Using a Smart Contract

Using a Smart contract

You can create a task that uses Web3 Function from your smart contract as well.

If your project involves complex interactions and you need the task creation to be a part of an on-chain transaction, you would directly interact with a smart contract.

Web3 Function secrets are not available for smart contract created tasks.

To create a Web3 Function task with your smart contract, you can inherit AutomateTaskCreator which has helper functions to easily create your task.

  • Pass the Module.PROXY & Module.WEB3_FUNCTION as modules in ModuleData

       ModuleData memory moduleData = ModuleData({
            modules: new Module[](2),
            args: new bytes[](2)
        });
        
        moduleData.modules[0] = Module.PROXY;
        moduleData.modules[1] = Module.WEB3_FUNCTION;

  • Use _web3FunctionModuleArg to encode arguments for WEB3_FUNCTION module. 

    function _web3FunctionModuleArg(
        string memory _web3FunctionHash, // IPFS CID of deployed web3Function
        bytes calldata _web3FunctionArgsHex // Abi encoded web3 function arguments
    )

Here is how you can encode your Web3Function arguments to get web3FunctionArgsHex.

In this example, the Web3Function has 2 arguments, counterW3fAddress & count .

schema.json
{
  "web3FunctionVersion": "2.0.0",
  "runtime": "js-1.0",
  "memory": 128,
  "timeout": 30,
  "userArgs": {
    "counterW3fAddress": "string",
    "count": "number"
  }
}

In your contract, you would encode the arguments according to the sequence defined in schema.json .

    function _getWeb3FunctionArgsHex(
        address counterW3fAddress,
        uint256 count
    ) 
    internal 
    pure 
    returns (bytes memory web3FunctionArgsHex) {
        web3FunctionArgsHex = abi.encode(counterW3fAddress, count)
    }

The full code can be found here.

    function createTask(
        string memory _web3FunctionHash,
        bytes calldata _web3FunctionArgsHex
    ) external {
        require(taskId == bytes32(""), "Already started task");

        bytes memory execData = abi.encodeCall(this.increaseCount, (1));

        ModuleData memory moduleData = ModuleData({
            modules: new Module[](2),
            args: new bytes[](2)
        });
        moduleData.modules[0] = Module.PROXY;
        moduleData.modules[1] = Module.WEB3_FUNCTION;

        moduleData.args[0] = _proxyModuleArg();
        moduleData.args[1] = _web3FunctionModuleArg(
            _web3FunctionHash,
            _web3FunctionArgsHex
        );

        bytes32 id = _createTask(
            address(this),
            execData,
            moduleData,
            address(0)
        );

        taskId = id;
        emit CounterTaskCreated(id);
    }

Additional Info

Tasks created via this route cannot be named

Smart Contracts can also create and cancel tasks.

You can find a list of example smart contracts here.

Here are the functions exposed by AutomateTaskCreator which you can use when setting up your smart contract.

_createTask()

Interacts and creates a task on the Gelato Automate smart contract.

    function _createTask(
        address execAddress, 
        bytes memory execDataOrSelector, 
        ModuleData memory moduleData,
        address feeToken 
    ) internal returns (bytes32 taskId);

  • execAddress - Address of the contract which Gelato will call.

  • execDataOrSelector - Signature of function which Gelato will call / execution data (If Resolver Module is not used.

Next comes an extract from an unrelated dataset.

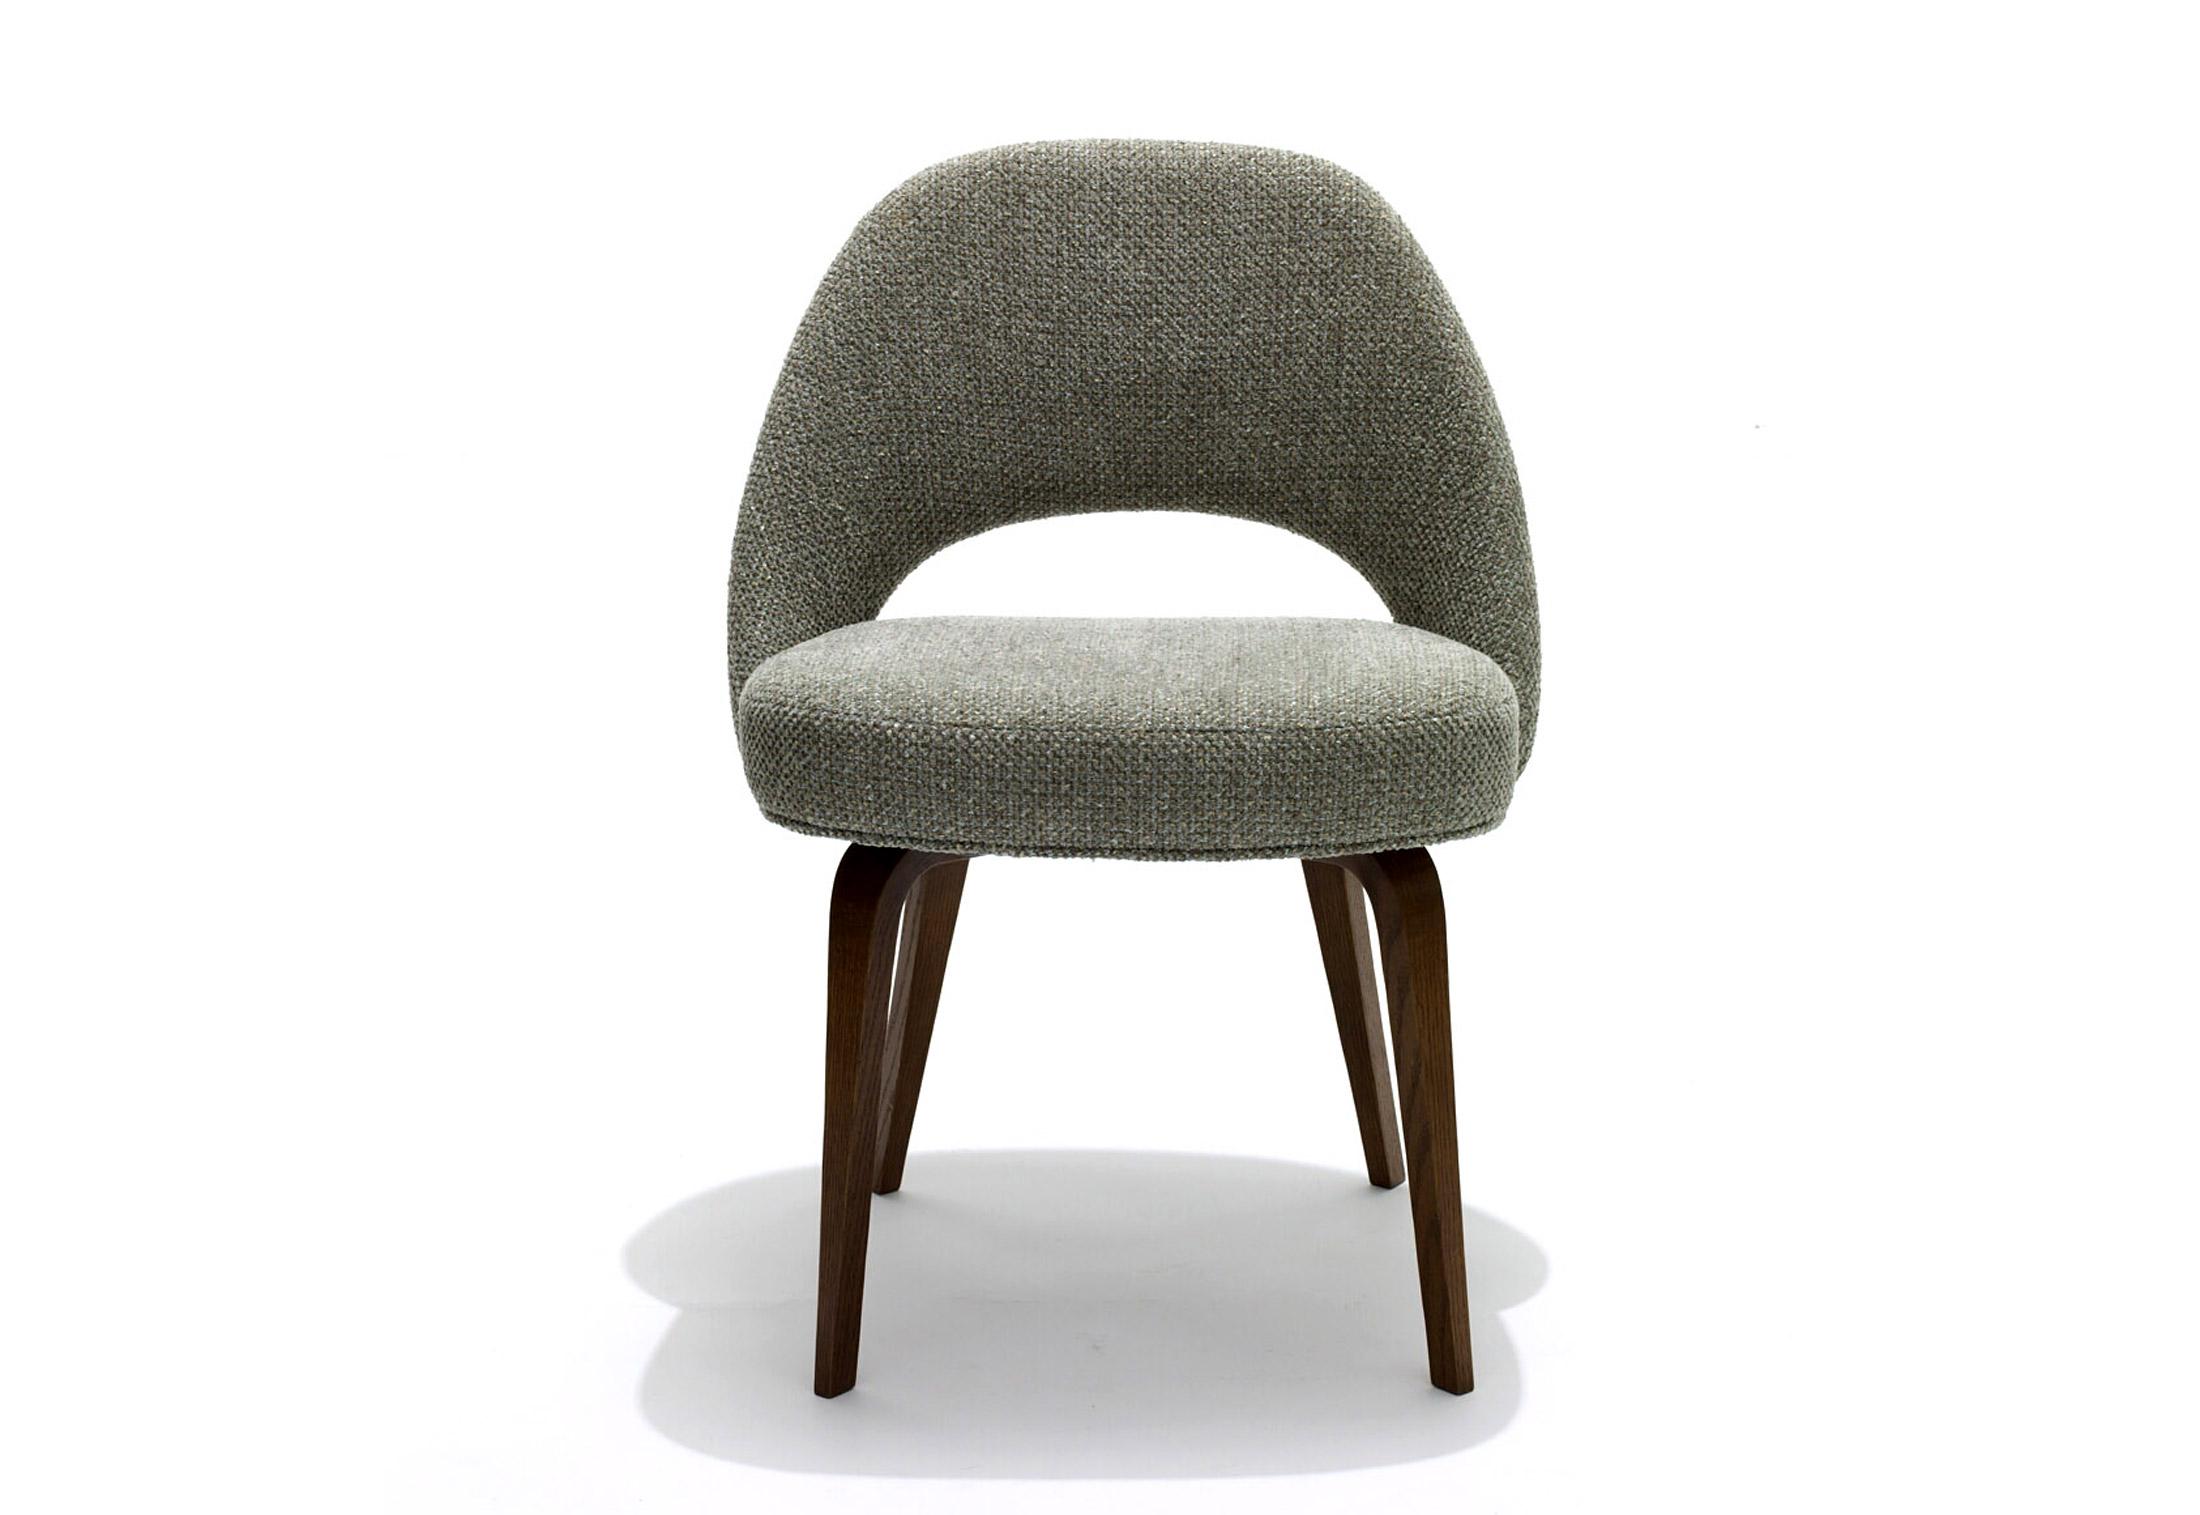 Saarinen executive conference chair 2 by knoll stylepark - Tavolo saarinen knoll originale ...

More about modules below)

  • moduleData - Modules that are enabled for the task. (More about ModuleData below)

  • feeToken - Use address(0) if using Gelato 1balance. Use 0xeeeeee... for ETH or native tokens.

ModuleData

struct ModuleData {
        Module[] modules;
        bytes[] args;
}

Modules are conditions / specifications about your task. These are the current available Modules.

enum Module {
    RESOLVER,
    PROXY,
    SINGLE_EXEC,
    WEB3_FUNCTION,
    TRIGGER
}

  • RESOLVER - Define dynamic conditions and execution data.

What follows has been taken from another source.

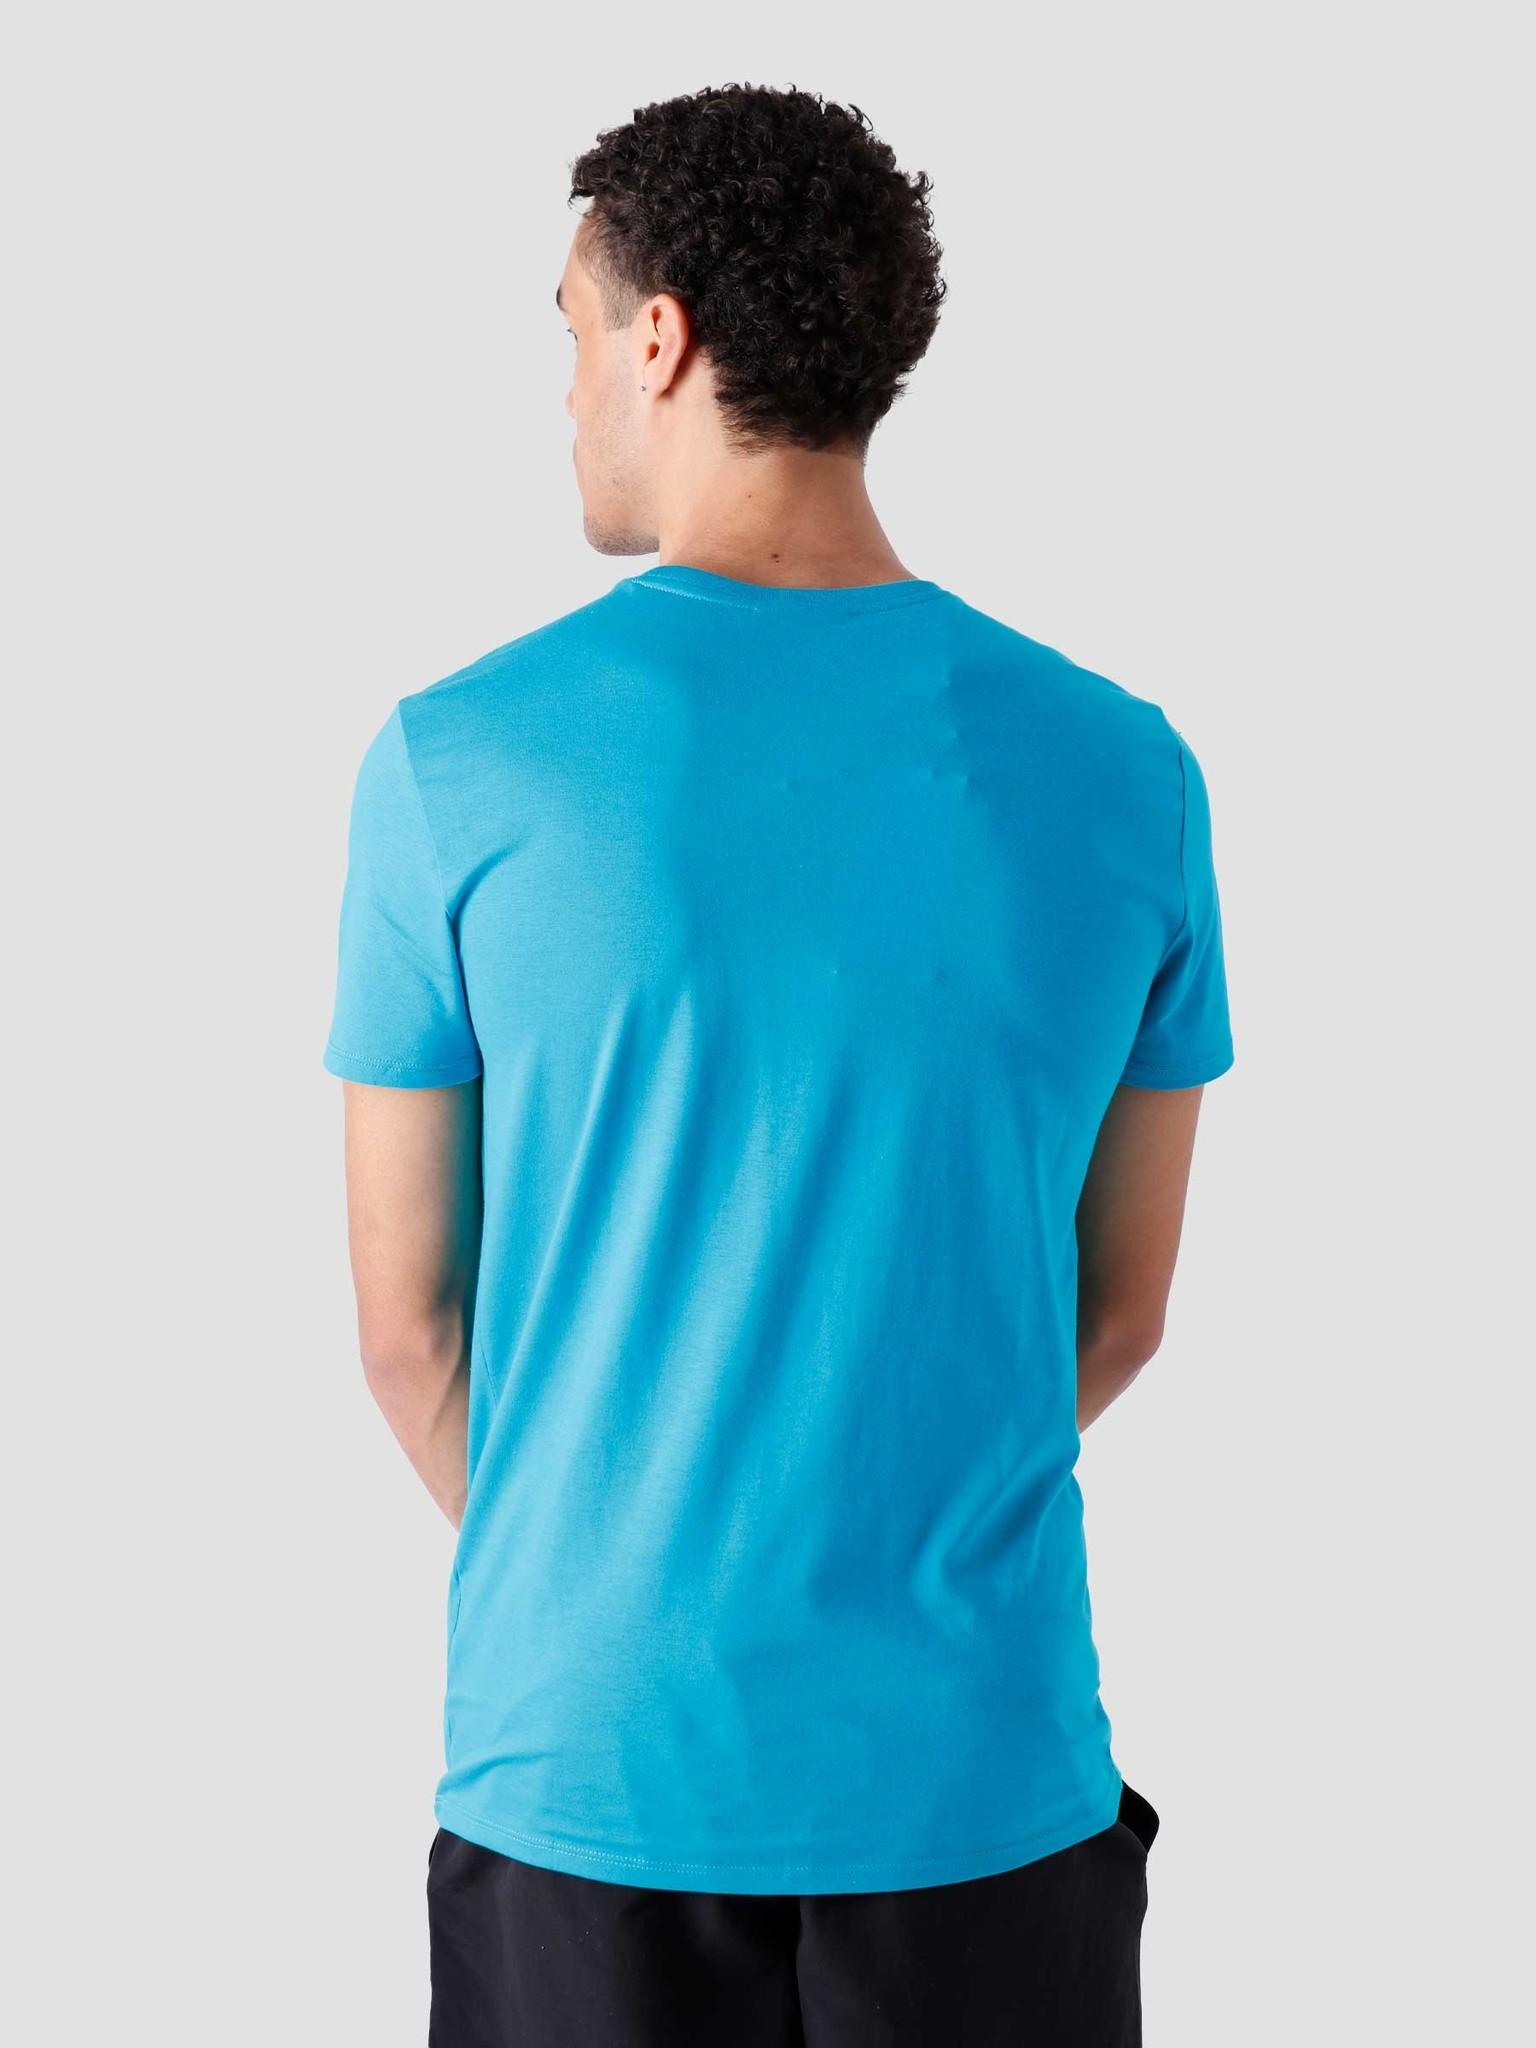 Lacoste Lacoste 1HT1 Men's T-Shirt Reef TH6709-11

  • TIME - Repeated execution at a specific time and interval. (in ms)

  • PROXY - Your function will be called by a dedicated msg.sender.

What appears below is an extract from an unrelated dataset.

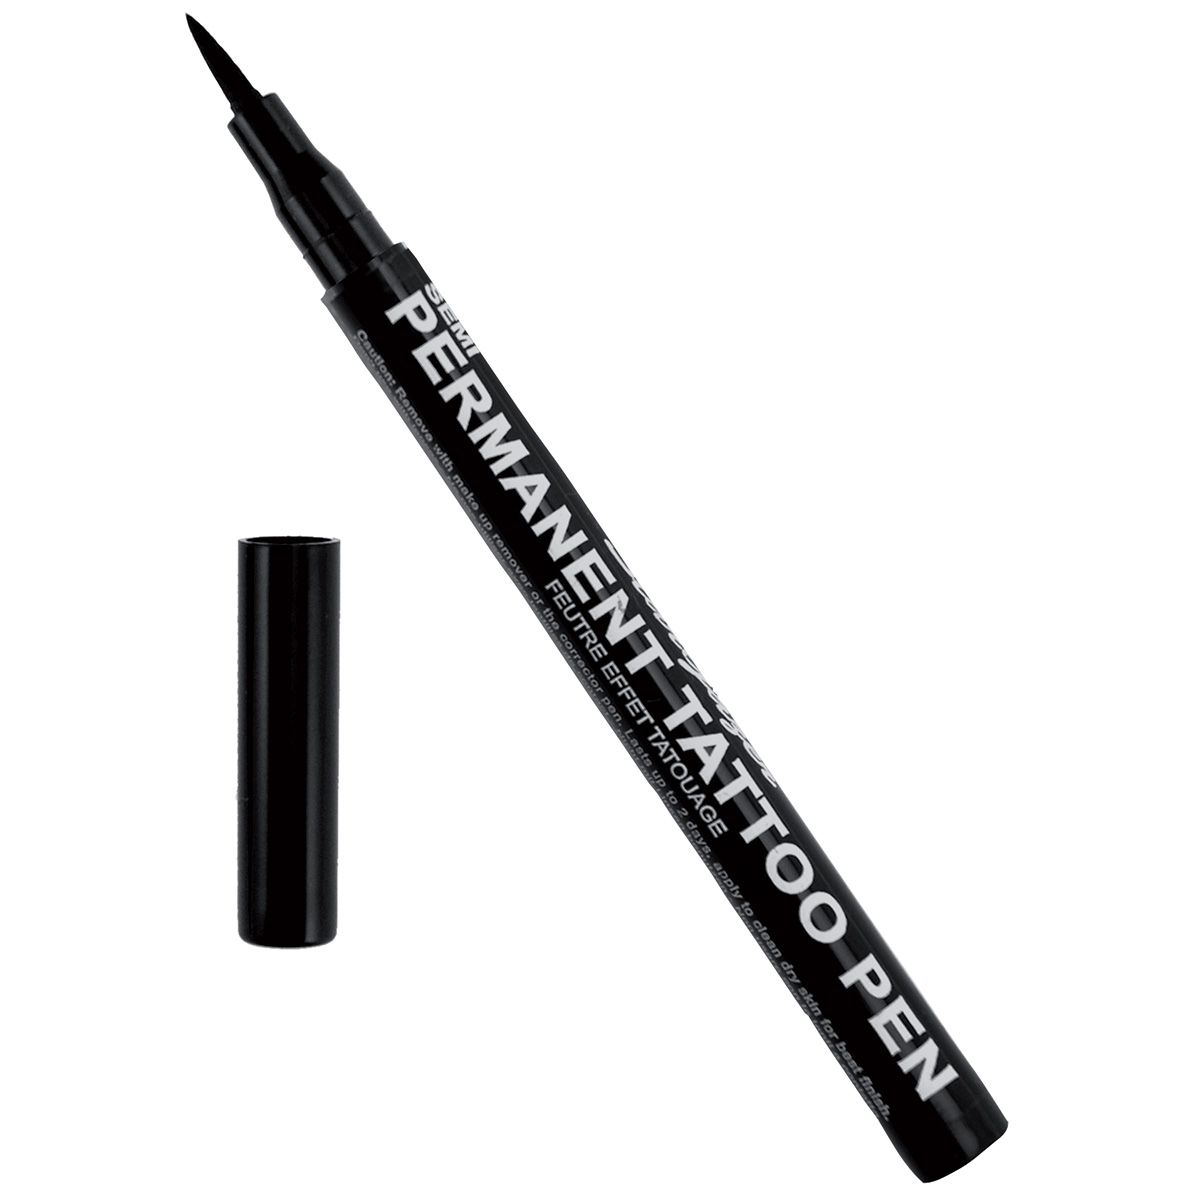 crayon tatouage stargazer feutre noir semi permanent crayons tatouages rock a gogo. Black Bedroom Furniture Sets. Home Design Ideas

  • SINGLE_EXEC - Task is cancelled after one execution.

  • WEB3_FUNCTION - Define a Typescript function to get off-chain execution data.

  • TRIGGER - Define your execution trigger (Time interval, Event, every block, ...)

Each Module would require additional arguments which is an encoded data.

Including Module.Proxy in moduleData is mandatory, otherwise task creation will fail.

You can use these helper functions to get the arguments for each Module.

    function _resolverModuleArg(address _resolverAddress, bytes memory _resolverData)

    function _proxyModuleArg()
    
    function _singleExecModuleArg()
    
    function _timeTriggerModuleArg(uint128 _start, uint128 _interval)
    
    function _cronTriggerModuleArg(string memory _expression)
    
    function _blockTriggerModuleArg()
    
    function _eventTriggerModuleArg(
        address _address,
        bytes32[][] memory _topics,
        uint256 _blockConfirmations
    ) internal pure returns (bytes memory)

Crafting ModuleData will look like this if we want to create a task which utilise RESOLVER ,PROXY & SINGLE_EXEC Module.

        ModuleData memory moduleData = ModuleData({
            modules: new Module[](3),
            args: new bytes[](3)
        });

        moduleData.modules[0] = Module.RESOLVER;
        moduleData.modules[1] = Module.PROXY;
        moduleData.modules[2] = Module.SINGLE_EXEC

        moduleData.args[0] = _resolverModuleArg(
            address(this),
            abi.encodeCall(this.checker, ())
        );
        moduleData.args[1] = _proxyModuleArg();
        moduleData.args[2] = _singleExecModuleArg();

Module[] must follow the order RESOLVER, PROXY, SINGLE_EXEC, WEB3_FUNCTION, TRIGGER

_cancelTask()

Cancels a task owned by the smart contract.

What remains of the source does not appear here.